Она встала с камня и напялила на себя грязную уже одежду. Нужно будет сегодня выстирать. Мишка сбегала быстро в домик и вернулась к реке. Она яростно натирала куском мыла серую ткань. Быстро светлели травяные пятна на коленях. Мыльная пена браво уничтожала следы недавнего баловства. Медведица закусила губу. Вот так, еще немного, и будет чисто. Словно ничего и не было. Так правильно.
Она бы сейчас ни за что не призналась даже самой себе в том, что если бы ей снова представилась возможность выбора принимать ли тот шуточный вызов, она бы вышла на бой с охотником.
Яра прибежала в домик. Хлопнула об косяк несчастная дверь. Девушка прошла к окну и оперлась руками об обеденный стол. Пейзаж за окном расплывался перед глазами. Яра стиснула зубы. По щекам покатились первые слезинки. Не смогла удержать. Все силы ушли на то, чтоб хоть чуть-чуть унять дрожь в руках и сдержать всхлипы, судорожно рвущиеся из груди.
К реке она не пошла. Не хотелось снова видеть соперницу. Ну почему он так на нее смотрит? Что в ней такого особенного? Яра столько лет его ждала. Надеялась.
Микану было семнадцать лет, когда в деревню привезли осиротевших найденышей Яру и Айгира. Ей было три года. Он всегда был рядом. Стал им с братом лучшим другом и помощником.
Микан был старше Айгира на четыре года и казался Яре колоссом, опорой. Таким серьезным и сильным. Не чета ее братцу, обладавшему вздорным и взрывным характером. Айгир, конечно, заботился о ней насколько мог в свои тринадцать лет, но иногда доводил Яру до белого каления. Насколько сильно Яра любила брата, настолько же сильно ей иногда хотелось его пристукнуть. Сколько раз Микан утешал ее после их ссор? Не сосчитать. Девочка смотрела на него, как на божество. Как на лучшего.
Да ведь он и есть лучший! Добрый и сильный. Яра нежилась от его улыбки, как котенок под лучиками солнца. Впитывала его ласку, теплоту.

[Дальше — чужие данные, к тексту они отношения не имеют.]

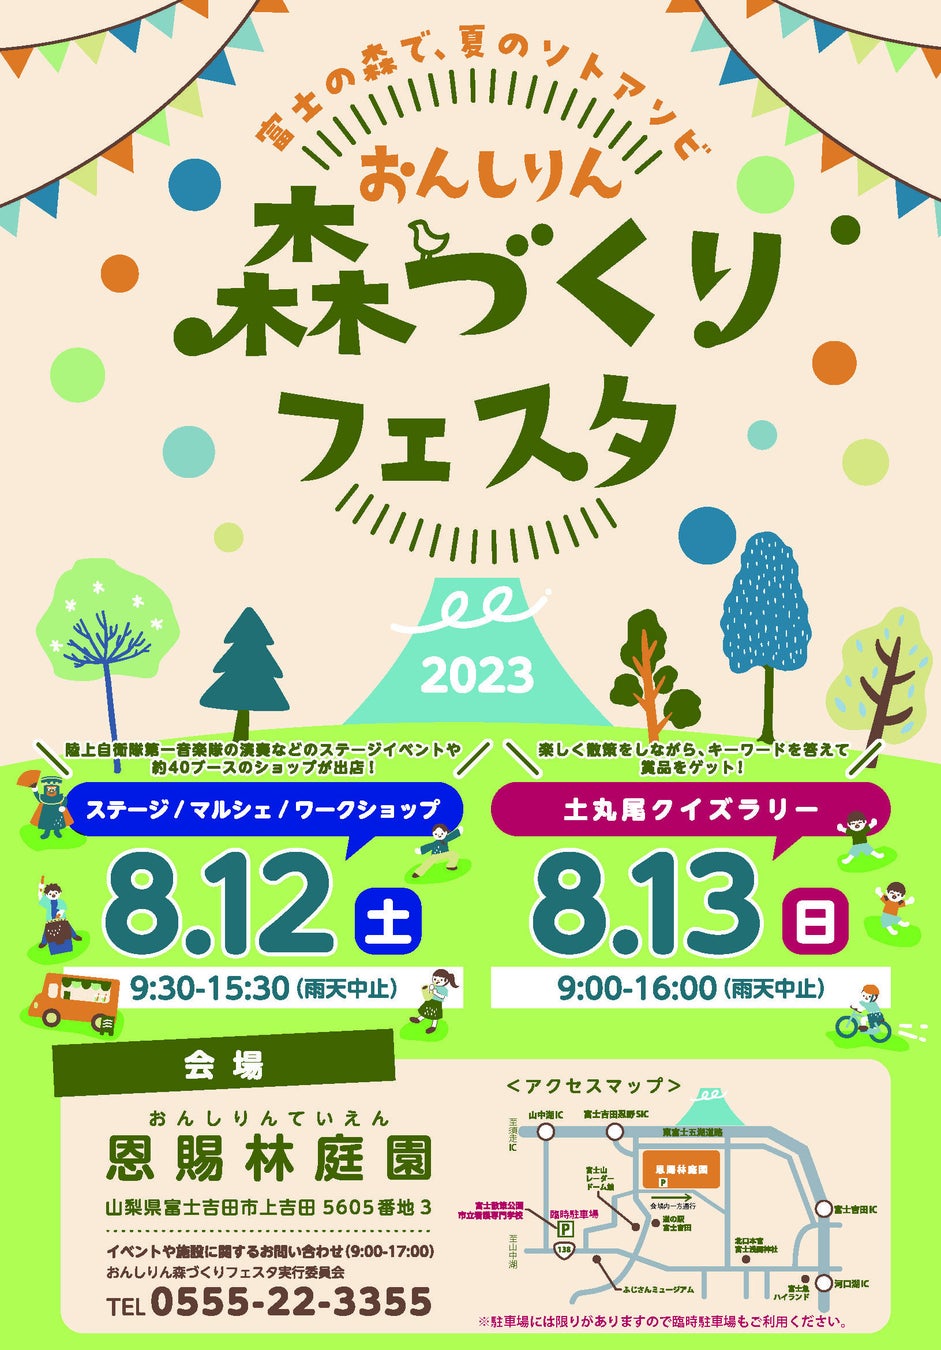 富士山麓の森と外遊びで、夏休みの思い出を。「2023おんしりん 森づくりフェスタ」8月12日（土）、13日（日）の二日間、恩賜林庭園にて開催のサブ画像2

Девушка росла. А вместе с ней росли и ее чувства. Хотелось все большего. Хотелось заботиться о нем. Хотелось быть с ним всегда. Яра знала его лучше многих в деревне. Что он любит есть, какие шнурки для волос ему больше нравятся. Какую кожу для нового ремня он выберет…
И она ждала. Надеялась, что когда вырастет, все изменится.
Каждый раз, когда охотники спускались в Великую Долину, девочка боялась, что Микан вернется оттуда не один. Боялась, что какая-нибудь местная вертихвостка заявит на него права. И каждый раз, когда видела его возвращающимся в одиночестве, сердце словно отпускали невидимые тиски. Микан всегда радовался выбегающей навстречу девочке.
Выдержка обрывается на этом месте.